Para procurador da Lava-Jato, mudança de governo não é suficiente para acabar com a corrupção

SÃO PAULO – O procurador da República Deltan Dallagnol, coordenador da Operação Lava-Jato, disse nesta quarta-feira que uma mudança governo não é o suficiente para acabar com a corrupção no país. Ele também saiu em defesa de uma reforma política e tributária e enfatizou que a força-tarefa da operação continuará a agir “até onde os fatos nos levarem”.

– Mudança de governo não é caminho nenhum andado contra corrupção. Eu vivo repetindo que, ao longo da nossa história, tivemos sucessivos escândalos de corrupção em diferentes governos. Se não mudarmos as condições que favorecem à corrupção, continuaremos colhendo do mesmo.

O procurador participou de homenagem a membros do Ministério Público e da sociedade civil em São Paulo que coletaram assinaturas para a iniciativa de 10 medidas contra a corrupção e que virou um projeto de lei, atualmente na Câmara dos Deputados. Durante a sessão, ele foi ovacionado e aplaudido de pé pelos cerca de cem presentes.

Dallagnol afirmou que a Operação Lava-Jato quebrou paradigmas ao mostrar que pessoas poderosas também vão para a cadeia e citou a operação Custo Brasil, que levou à prisão o ex-ministro Paulo Bernardo na semana passada, um desdobramento da Lava-Jato, e a Boca Livre, deflagrada nesta terça-feira, que investiga fraudes na Lei Rouanet.

– A Lava-Jato tem se desdobrado o que é bom para a operação e para a sociedade. A nossa expectativa é de que essas operações também possam encontrar uma conjuntura favorável para se desenvolver e dar frutos como a Lava-Jato. Mas nosso sistema é desfuncional, produz injustiças. Se nós queremos Lava-Jatos como regra em todo pais precisamos mudar as regras.

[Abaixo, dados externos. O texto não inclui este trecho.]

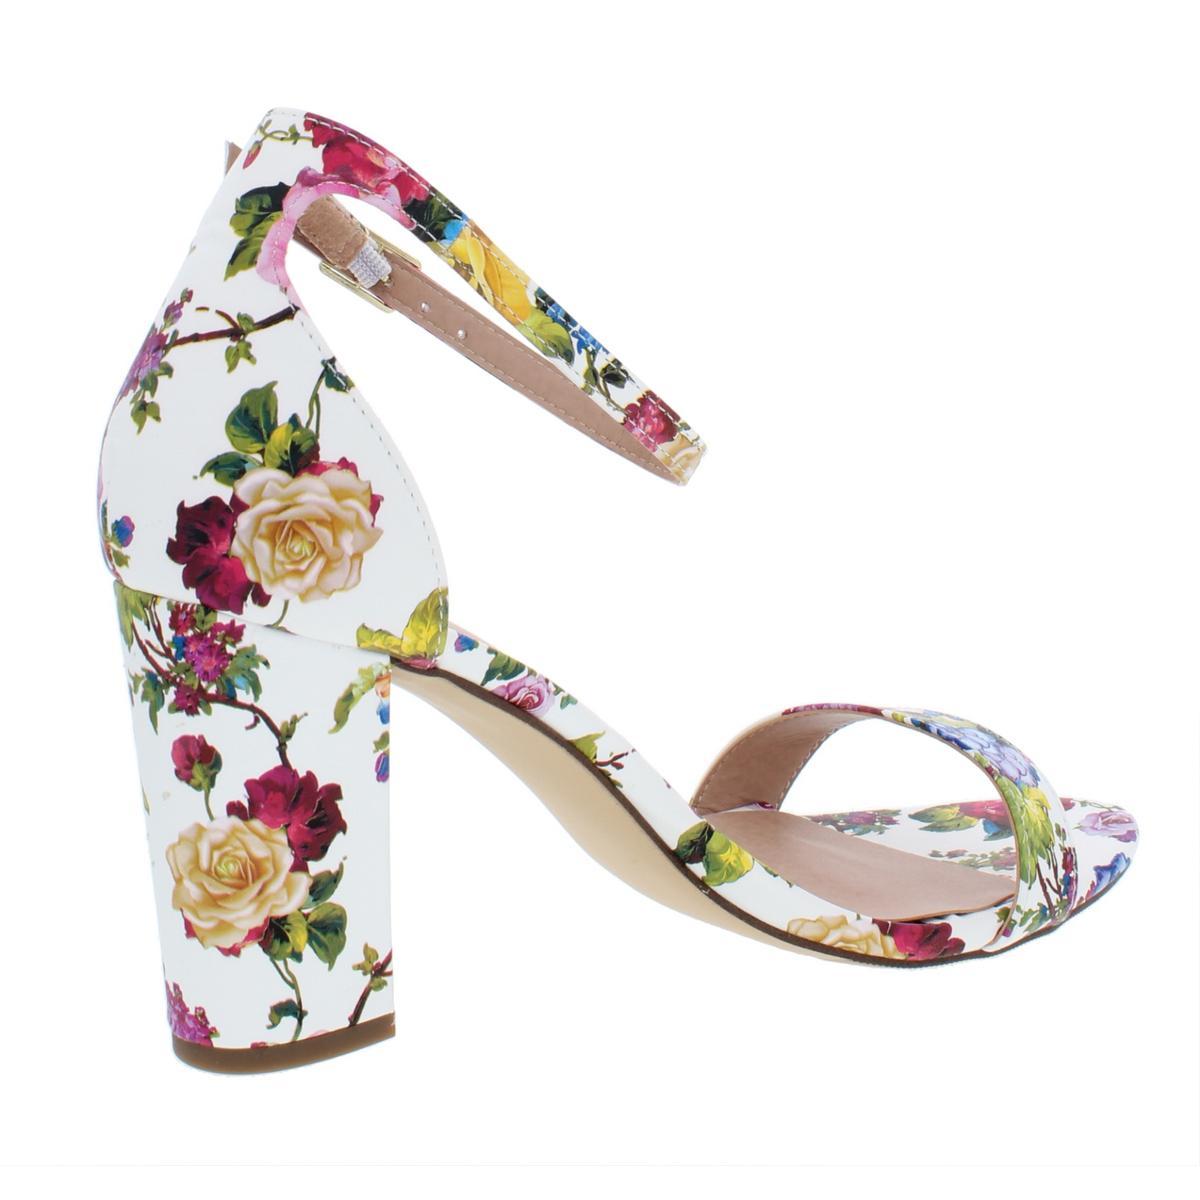 Madden-Girl-Womens-Beella-Heels-Dress-Sandals-Shoes-BHFO-0922 thumbnail 10

Deltan agradeceu os presentes pela ajuda na coleta de mais de 2 milhões de assinaturas e fez um apelo para que a sociedade civil não fique paralisada diante de injustiças.

– Uma preocupação minha é que com o tempo nos tornemos como médicos que perdem a sensibilidade a sangue. O meu receio é que percamos a capacidade de nos indignar com injustiça. Não podemos fazer isso.

Ele destacou que, no Brasil, as mudanças nunca foram feitas “de baixo para cima” e que, agora que a sociedade vive um momento de empoderamento, precisa se mobilizar para conseguir reforma tributária e política, a qual classificou como “imprescindível”.